Choices and consequences means simply that if you make poor choices, that if you don’t abide by the rules, that if you don’t respect the chain of command, if you don’t find the appropriate way to raise your concerns to your leadership, there will be consequences.

Sen. Charles Grassley told Sinclair Broadcast that this video, “ought to be a wake up signal for everybody in Congress who wants to do their job of constitutional oversight. *** It is outrageous that a leader of a major organization of any department, particularly law enforcement, would have the temerity to make those sort of comments."

“This video will cause a chilling effect,” said Stephen M. Kohn, the Executive Director of the National Whistleblower Center. “There are many cases that say whistleblowers can ignore the chain of command.
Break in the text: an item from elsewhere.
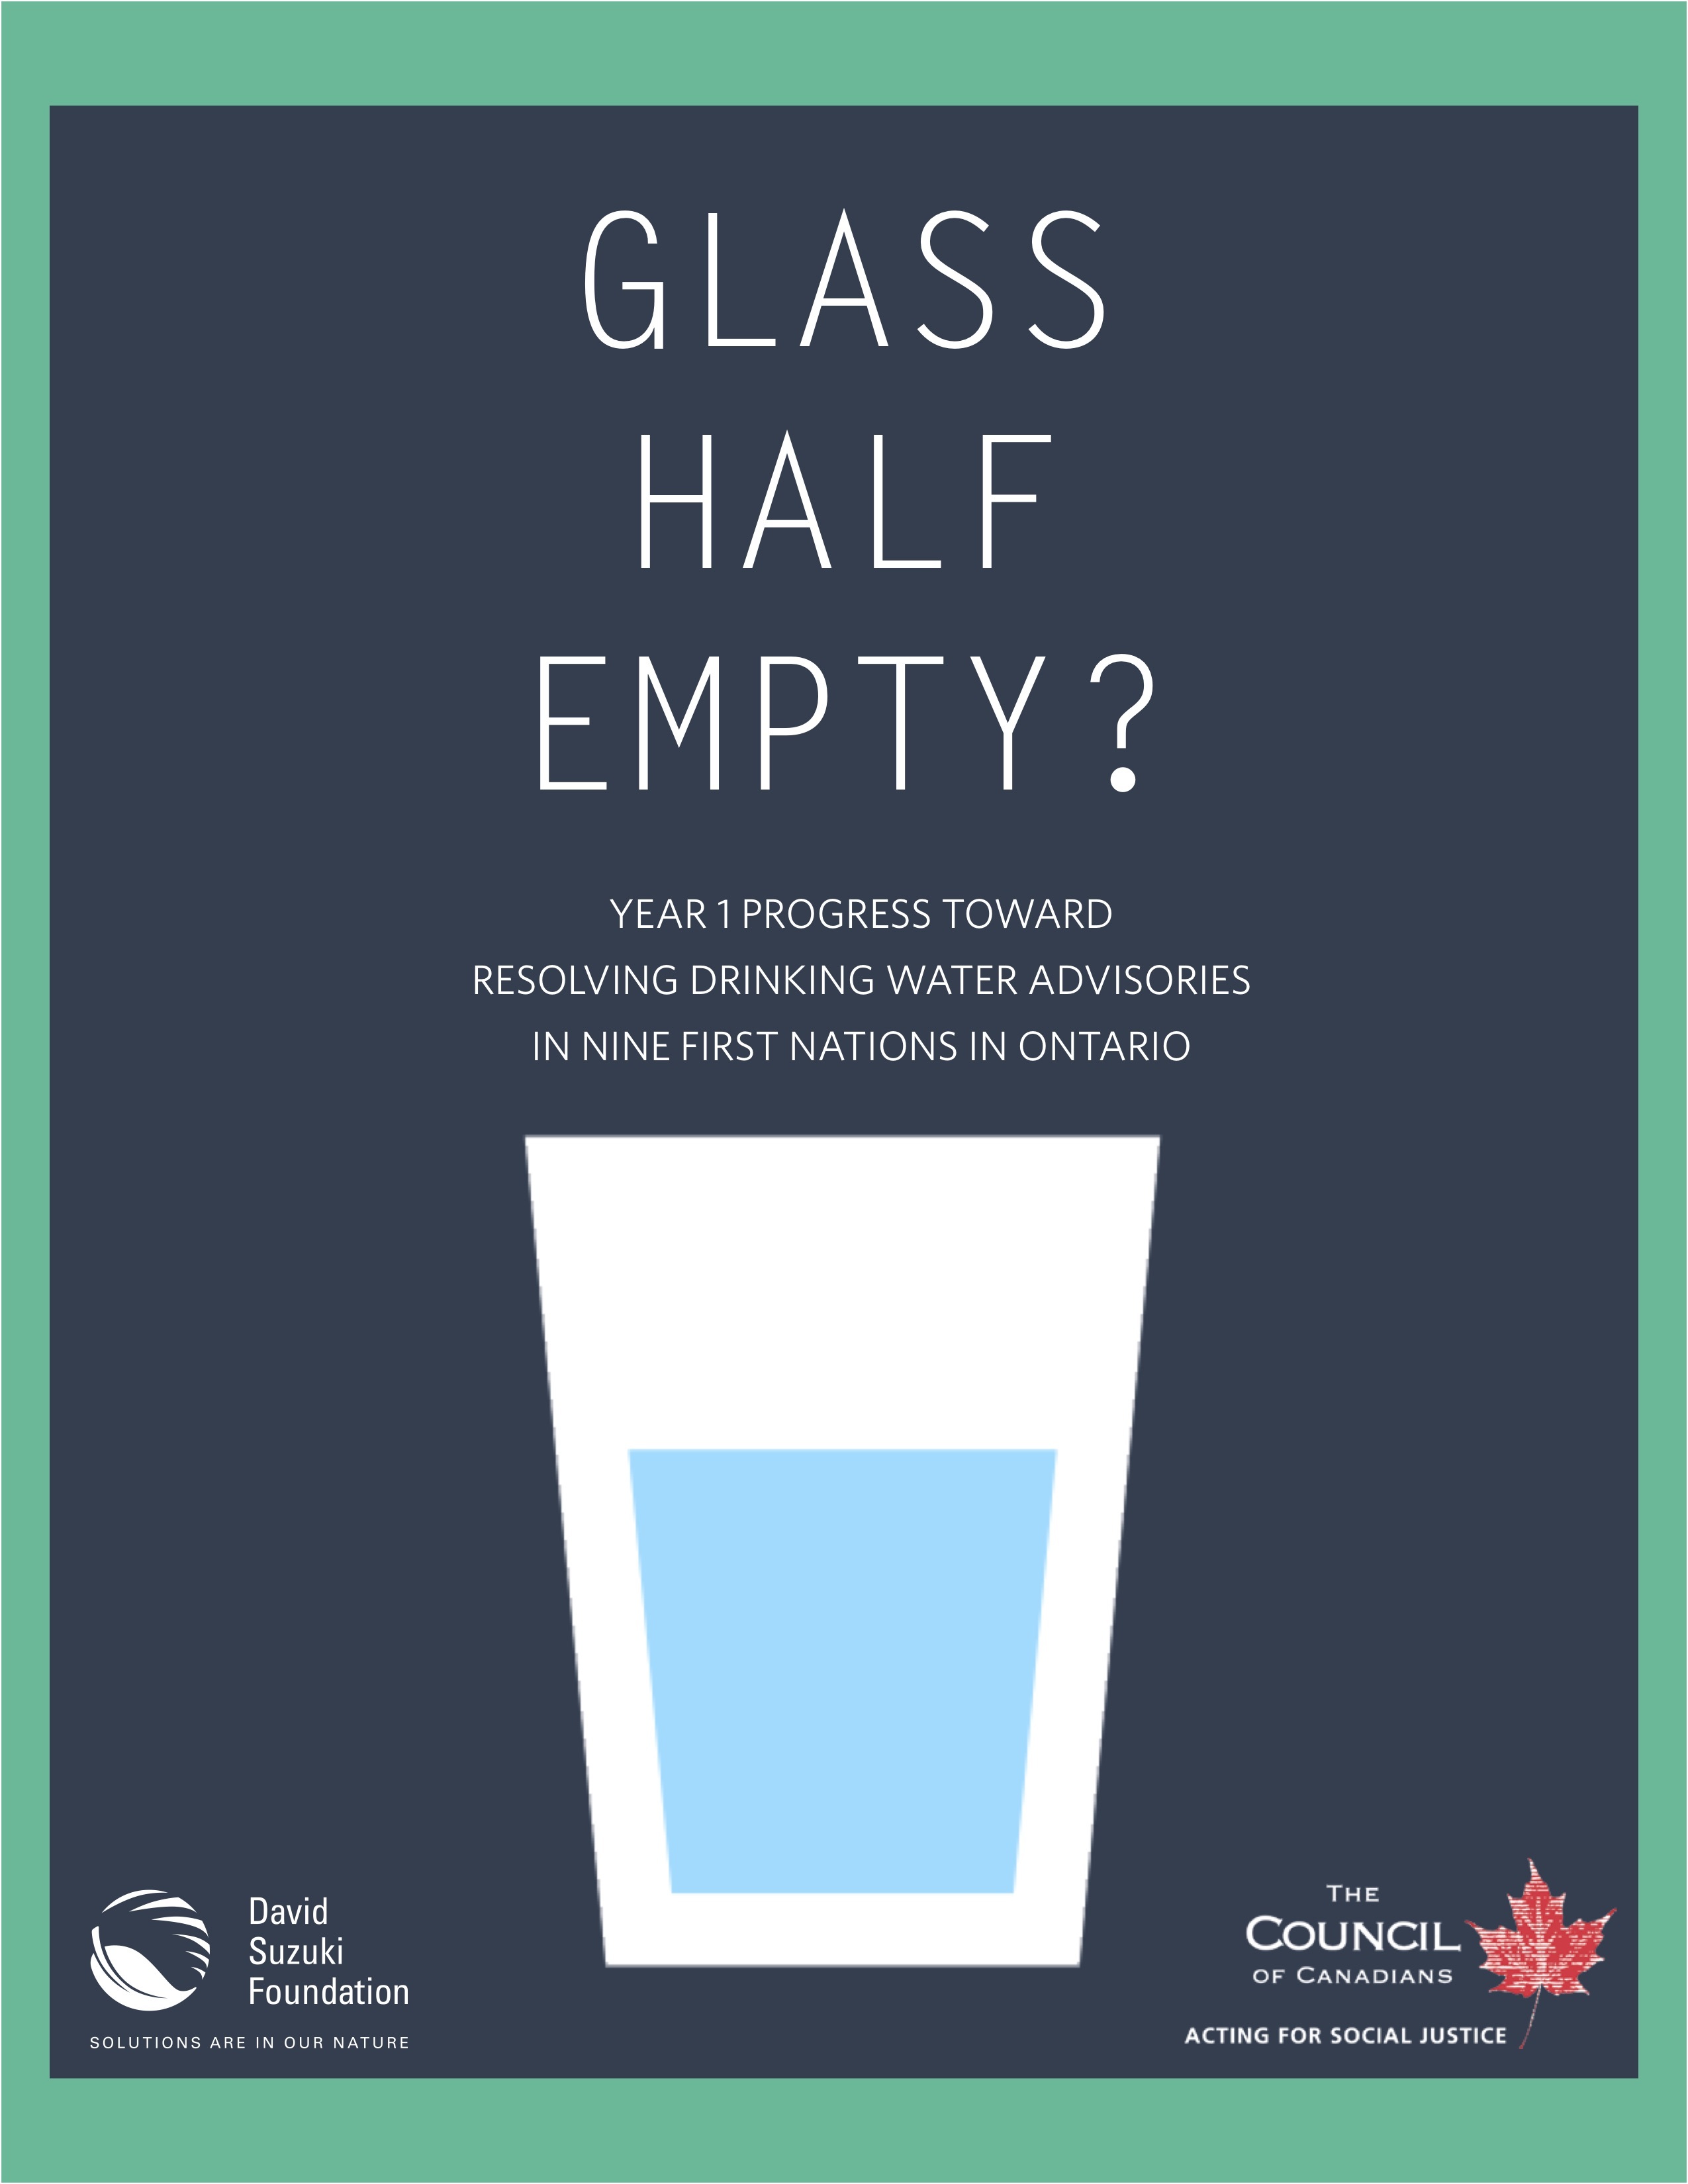 Glass Half Empty? Year 1 Progress Toward Resolving Drinking Water Advisories in Nine First Nations in Ontario cover

In fact, under the Whistleblower Protection Act [WPA], you may lose protection if you only report to your first line supervisor, and going outside chain is a way to get protection,” Kohn told Solomon. “Also, the WPA says that ‘any disclosure’ is protected, not just disclosures made in the ‘appropriate way.’" Kohn is referring to the problemmatic decision of the Federal Circuit Court of Appeals, Willis v. Department of Agriculture, 141 F.3d 1139, 1144 (Fed. Cir. 1998) which held that a disclosure made as part of an employee’s normal job duties is not protected. However, disclosures to outside agencies or members of Congress avoid this exception to WPA coverage.  See Whitmore v. Dep’t of Labor, 680 F.3d 1353, 1368 (Fed. Cir. 2012).
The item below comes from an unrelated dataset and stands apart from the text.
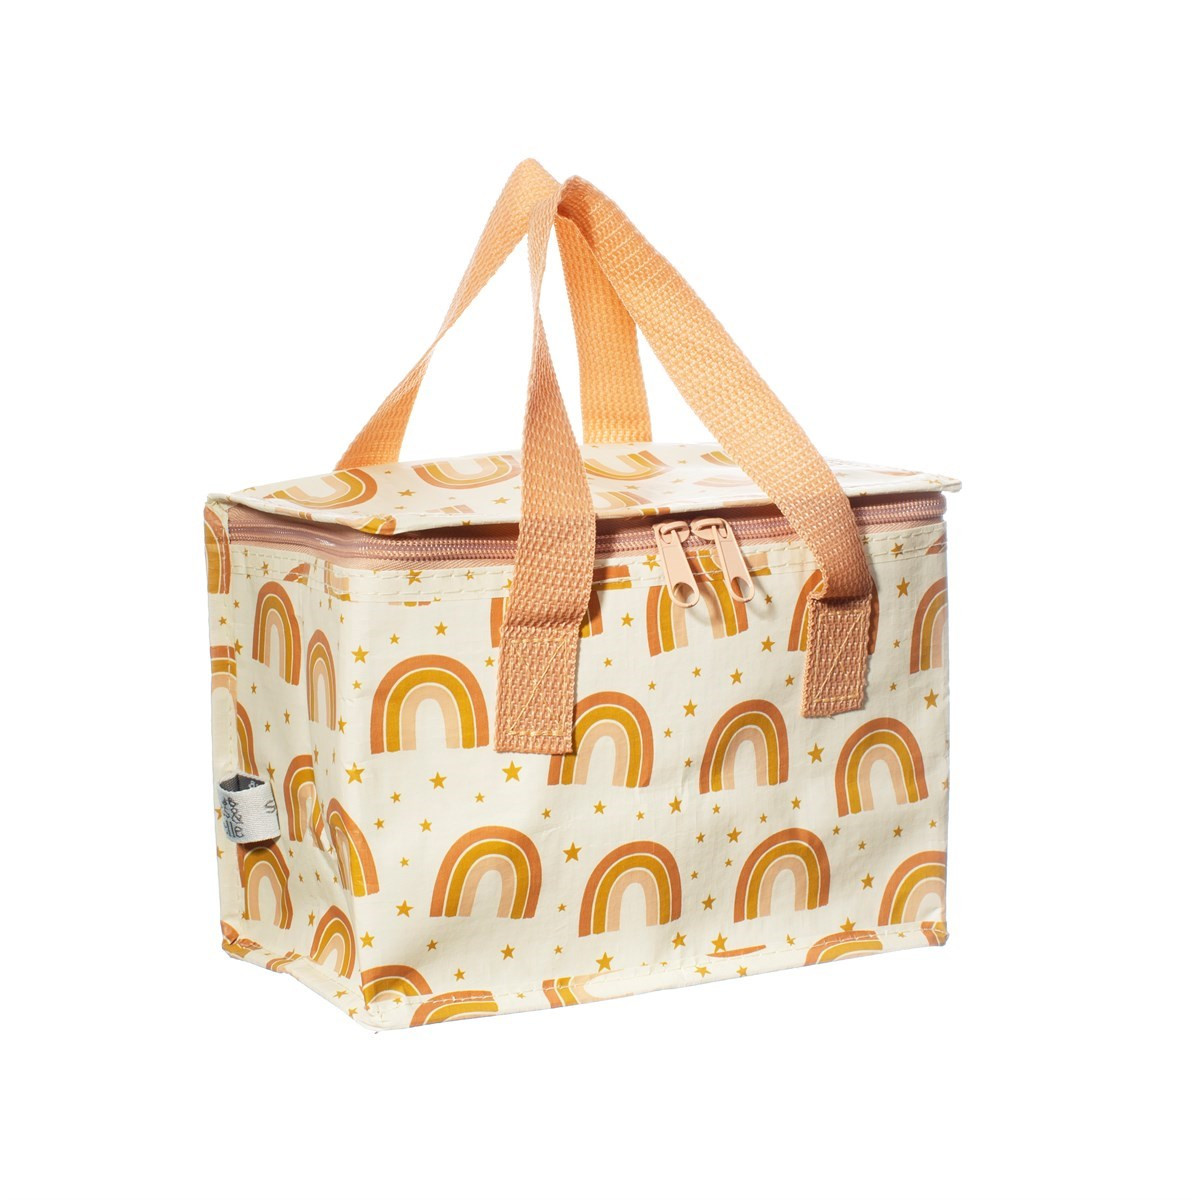 Sass & Belle Earth Rainbow Lunch Bag - Coral>

Solomon notes that the video is an apparent swipe at "Arizona agents who went outside the agency in 2011 and reported concerns to Congress about the bungled Fast and Furious gun probe that let semiautomatic weapons flow to Mexican drug gangs." Regardless of how one feels about the congressional response to Fast and Furious, we can hopefully all agree that the Arizona agents served the public interest by raising their concerns.  Well, maybe all of us except Mr. Jones.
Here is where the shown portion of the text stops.